Disruption. Disintermediation. Destruction. Those are de factos of life when technology rolls into town and throws a digital wrench into an existing industry. Travel reservation sites challenge travel agents. Digital content delivery strains local and chain booksellers. Algorithmically armored car services send traditional taxis on a one way trip towards a seemingly inescapable demolition derby.
Yeah, it’s like Uber for WTF, but that’s how business works. New technologies and strategies strain the old way of doing things; some survive, some don’t.
But news is different.
One can easily argue that traditional media properties are getting what they deserve after largely failing to adapt to the digital and mobile uprising; a shift that has been ferocious, but one that they could see coming for more than a decade. Adapt or die. Those are the options and many publishers have done too little of the former to avoid the latter. Consumers shifted their reading habits, marketers changed the rules of the game and added measurement to the mix, and now Apple is giving readers the option to block ads altogether.

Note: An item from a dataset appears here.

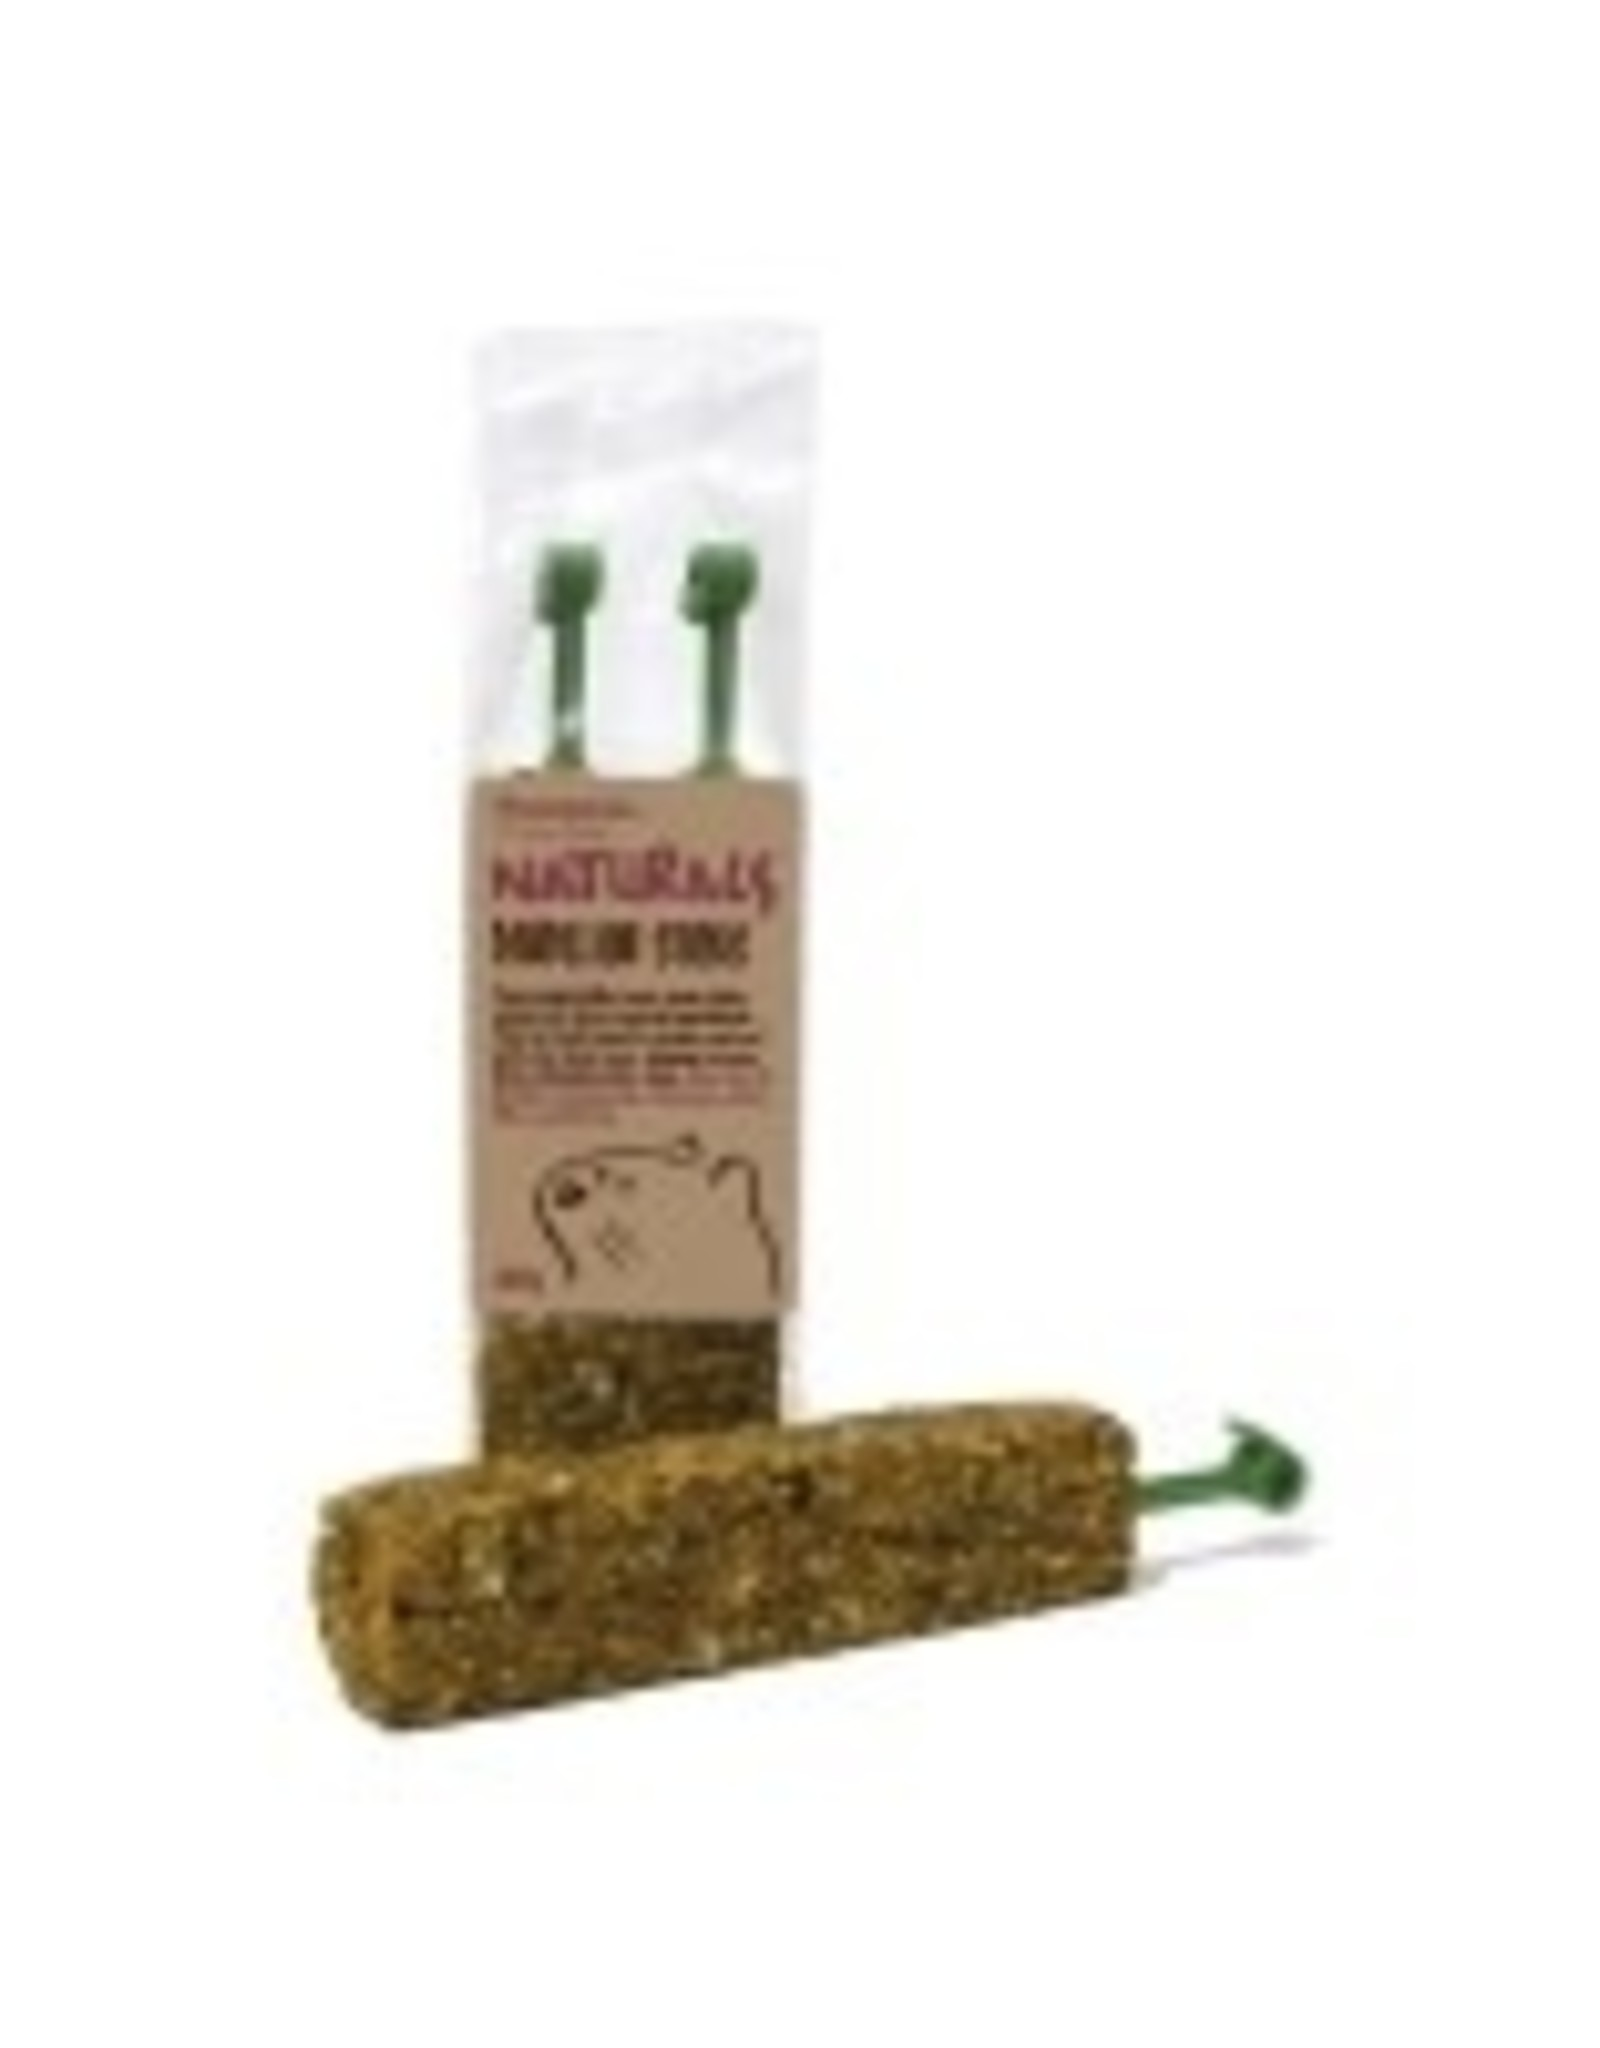 Rosewood Dandelion Sticks

It’s hard to feel sorry for the news organizations that have utterly failed to pay enough attention to the top story of a generation. It’s one thing to bury the lede. It’s another to allow it to bury your industry.
But if you can’t feel sorry for news orgs, then at least feel sorry for yourself. Because news really is different. The demise of reporting outfits is not only about the loss of jobs and the diminishing of fortunes, it’s a severe blow to society. It represents the potential silencing of the only voice many people have.
Consider Tin Lin Tun who was sold into a bizarre and brutal world of fishermen enslavement in Indonesia. Today he’s back home and explains: “I’m sure my parents think I’m dead. I’m their only son. They’re going to cry so hard when they see me.” Tin Lin Tun’s parents will see him again thanks to the reporting on this issue by the Associated Press.
Consider the Ohio reporter who helped convict more than 100 rapists by spending years reporting on the issue of neglected rape kits in Cleveland.
Need something closer to home? Consider the story of Volkswagen and the software that fooled emissions regulators and car buyers for years. Yes, it’s true that it was West Virginia University researchers who performed the tests and uncovered the deception. But that was a year and half year ago. Did you hear about it then? Nope. But you know about the story now because of journalists.
Consider a whole host of recent stories by the incredible reporters at Reveal. Organizations like Reveal and ProPublica can keep investigative reporting alive because they operate as non-profits. But they can’t do it alone. For-profit journalism, even with its flaws, is an absolutely critical pillar upholding the values of a free society.
So yeah, they might deserve it all. The ad blocking software, the new upstarts eating their lunch, the new economic demands for streamlined operations and more creative revenue strategies. But we don’t deserve it. And more importantly, the voiceless victims of atrocities and unfairness don’t deserve it.
Everyone who gets into any business knows the rules. But the rules have to be different when we’re talking about news. What’s the answer? I’m not sure. But I am sure that we all have a stake in finding one. That much, at least, is still a black and white issue.